Survivin knockdown inhibits tumorigenic ability of ESC cells in vitro. Colony formation assay of (A) ECA-109 and (B) KYSE-150 cells infected with survivin shRNA lentivirus or control lentivirus. Cell invasion assay of KYSE-150 and ECA-109 cells infected with survivin or control shRNA lentivirus. (C) The average number of migrated cells in each light microscope field (magnification, ×200). (D) Representative images of migrated cells stained with crystal violet in each group in light microscope (magnification, ×40). Wound healing assay of KYSE-150 and ECA-109 cells infected with survivin or control shRNA lentivirus. (E) The average migrated distance of cells in each group. (F) Representative image to show the distance of migration in the two groups. Results are representative image of at least 3 repeats. *P<0.05 and **P<0.01.

Figure 3.

Overexpression of survivin in normal HEEC cells facilitates chemo-radioresistance. ESC and HEEC cells were treated with various concentration of (A) cisplatin or (B) paclitaxel for 24 h or (C) the indicated dose radiation, and cell viability was measured by MTT experiment. *P<0.05 vs. KYSE-150, ECA-109 or TE-1 cells. (D) Survivin was overexpressed in HEEC cells and cell sensitivity to chemo-radiotherapy was measured. *P<0.05 vs. HEEC cells or HEEC cells infected with empty lentivirus (HEEC-neo). All experiments were repeated at least 3 times and data presented as mean ± standard error of the mean. ESC, esophageal squamous carcinoma; HEEC, Human esophagus epithelial cells; neo, empty plasmid vector.

Figure 4.

Survivin knockdown promotes ESC cells apoptosis and chemo-radiotherapy sensitivity.

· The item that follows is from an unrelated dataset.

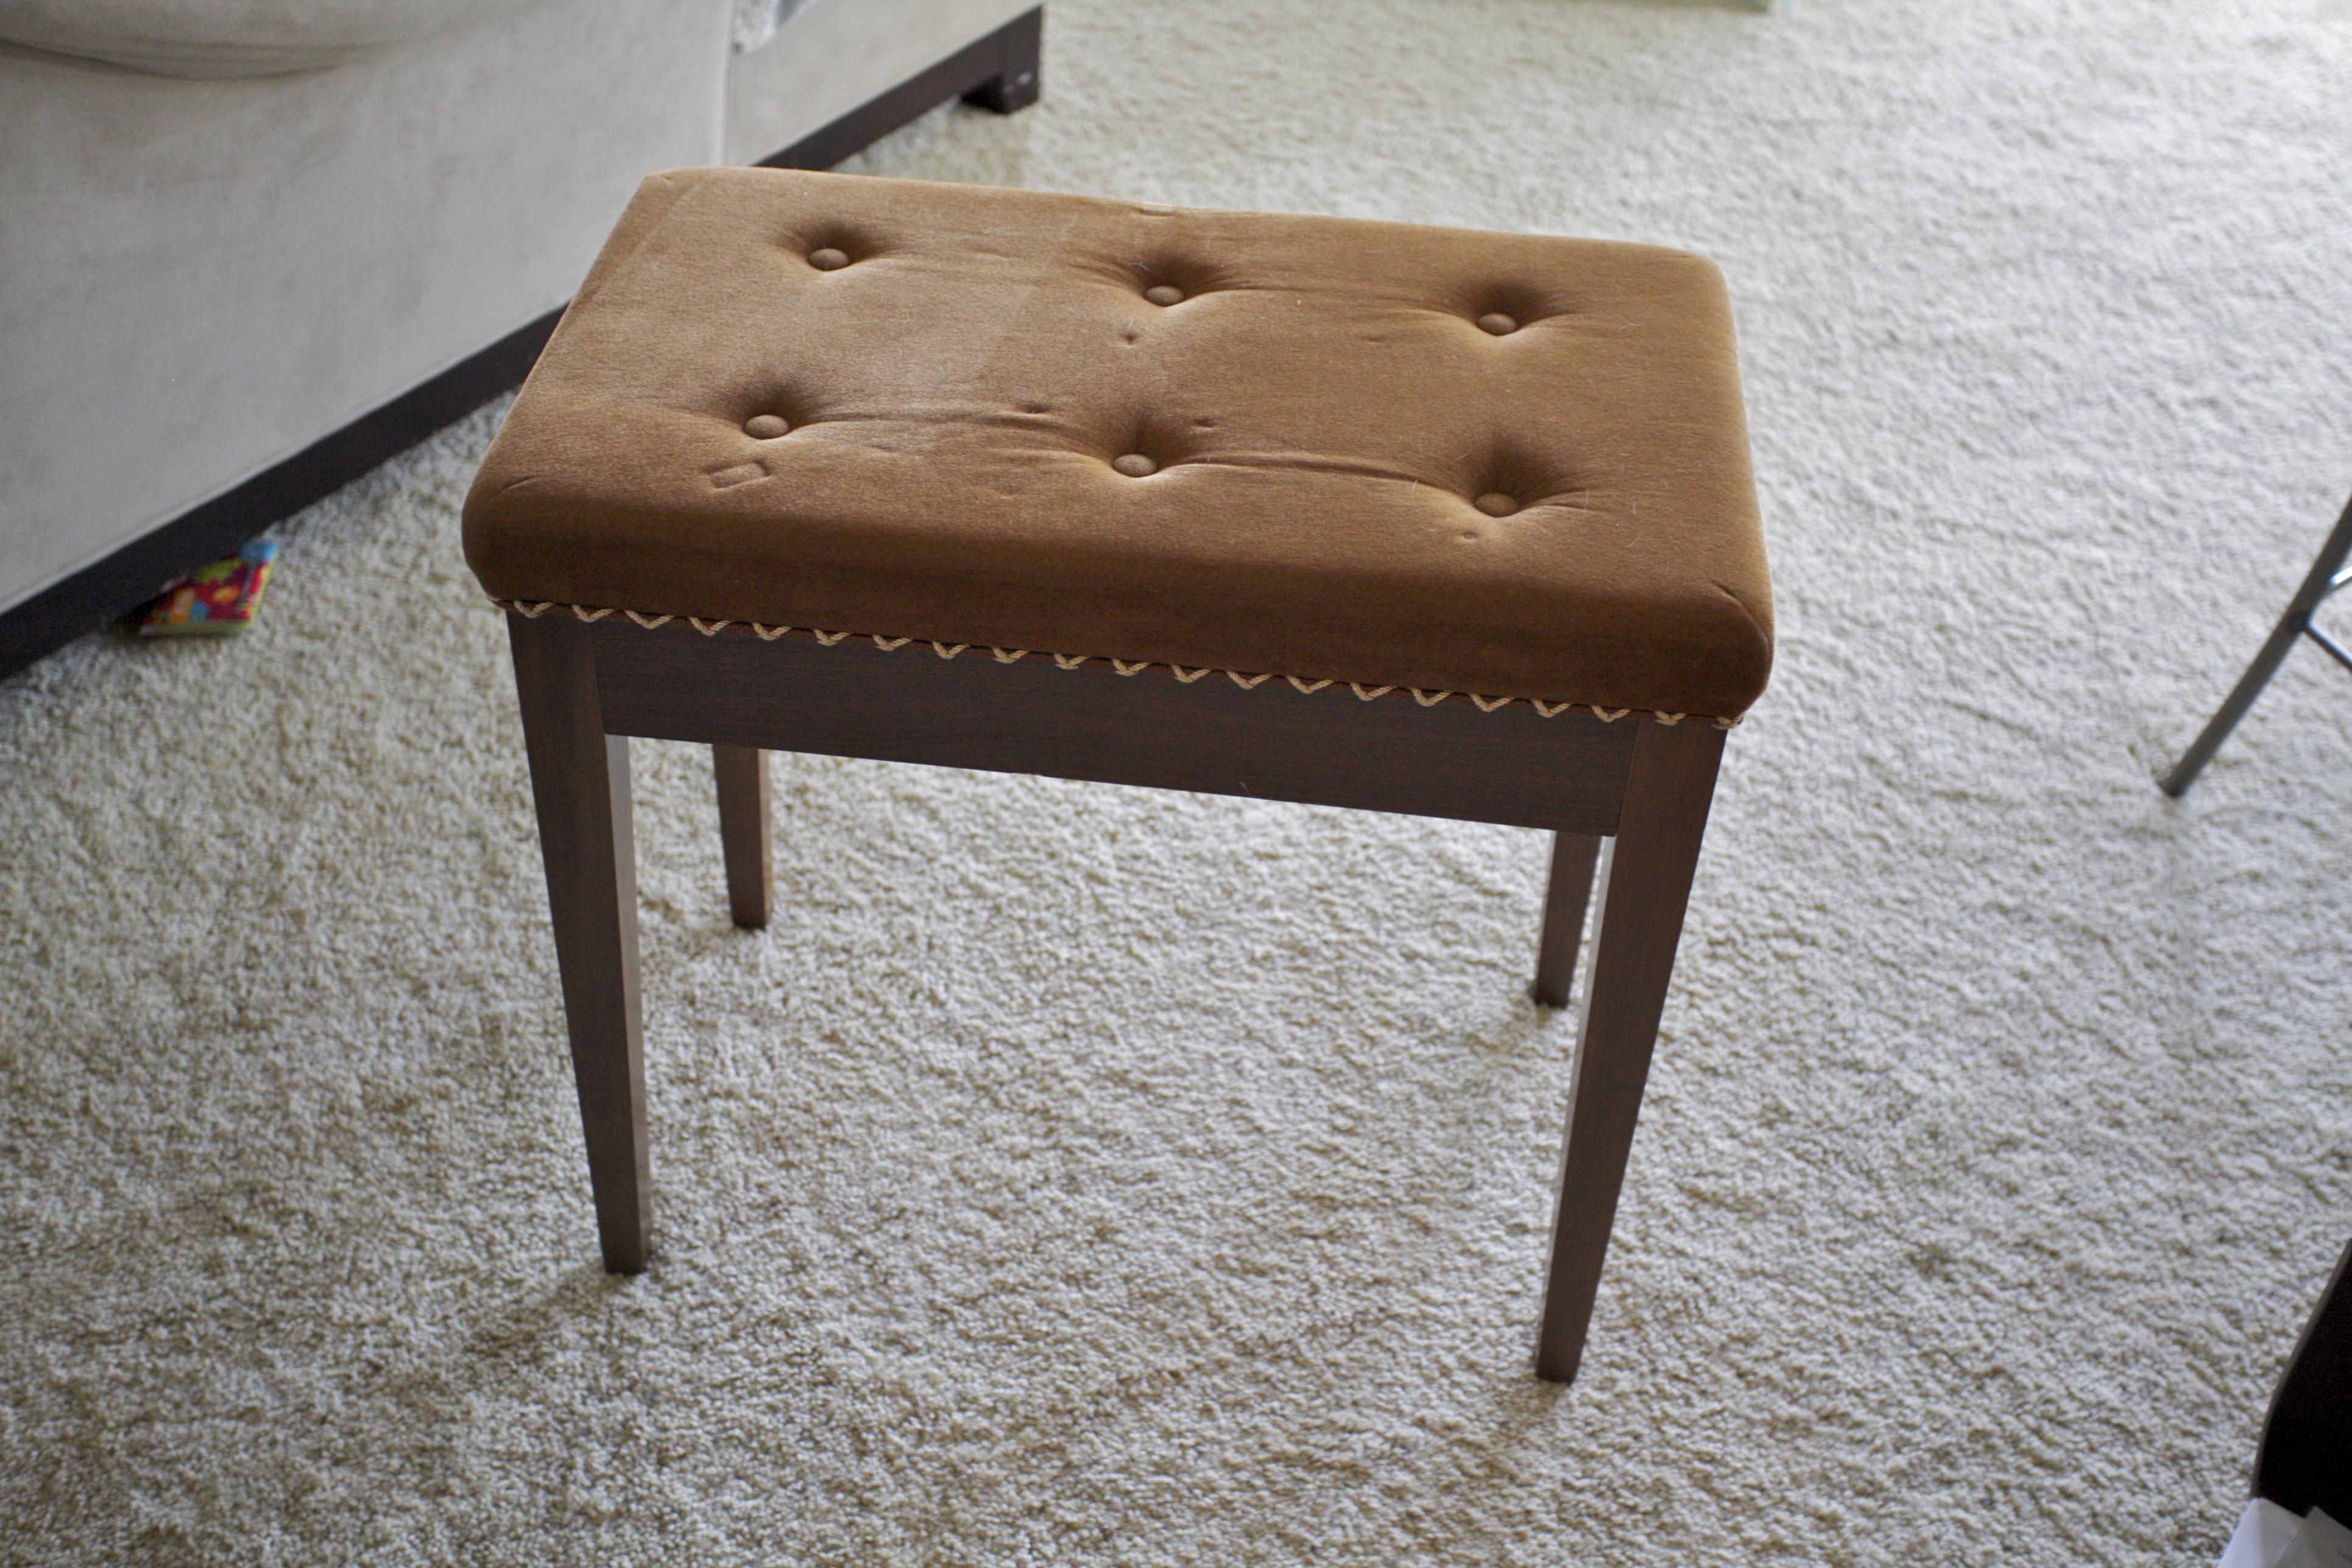 Here ... & DIY Reupholstery Bench | Rad Design islam-shia.org

KYSE150 and ECA-109 cells were pretreated with survivin shRNA lentivirus or negative control, and then a TUNEL assay was performed to evaluate the apoptosis rate of these cells exposure to paclitaxel, cisplatin and radiation. (A) TUNEL assays were performed to assess apoptotic cells infected with svv-lent, cont-lent or untreated, and then svv-lent- and cont-lent-infected cells treated with 1 µg/ml paclitaxel. (B) Western blotting was performed to detect cleaved PARP1 levels following paclitaxel exposure. (C) TUNEL assays were performed to assess apoptotic cells infected with svv-lent, cont-lent or untreated, and then svv-lent- and cont-lent-infected cells treated with 2 µg/ml cisplatin. (D) Western blotting was performed to detect cleaved PARP1 levels following Cisplan exposure. (E) TUNEL assays were performed to assess apoptotic cells infected with svv-lent, cont-lent or untreated, and then svv-lent- and cont-lent-infected cells treated with 3 Gy radiation. (F) Western blotting was performed to detect cleaved PARP1 levels following radiation exposure. All experiments were performed in triplicate and data presented as mean ± standard error of the mean. *P<0.05 with comparisons shown by lines. svv-lent, survivin shRNA lentivirus infected; cont-lent, infected with empty lentivirus; Cisplan, cisplatin; svv-lent+pacl, cells pretreated with survivin shRNA exposed to paclitaxel; PARP1, Poly (adenosine 5′-diphosphate-ribose) polymerase 1; shRNA, short hairpin RNA; TUNEL, terminal deoxynucleotidyl transferase dUTP nick end labeling.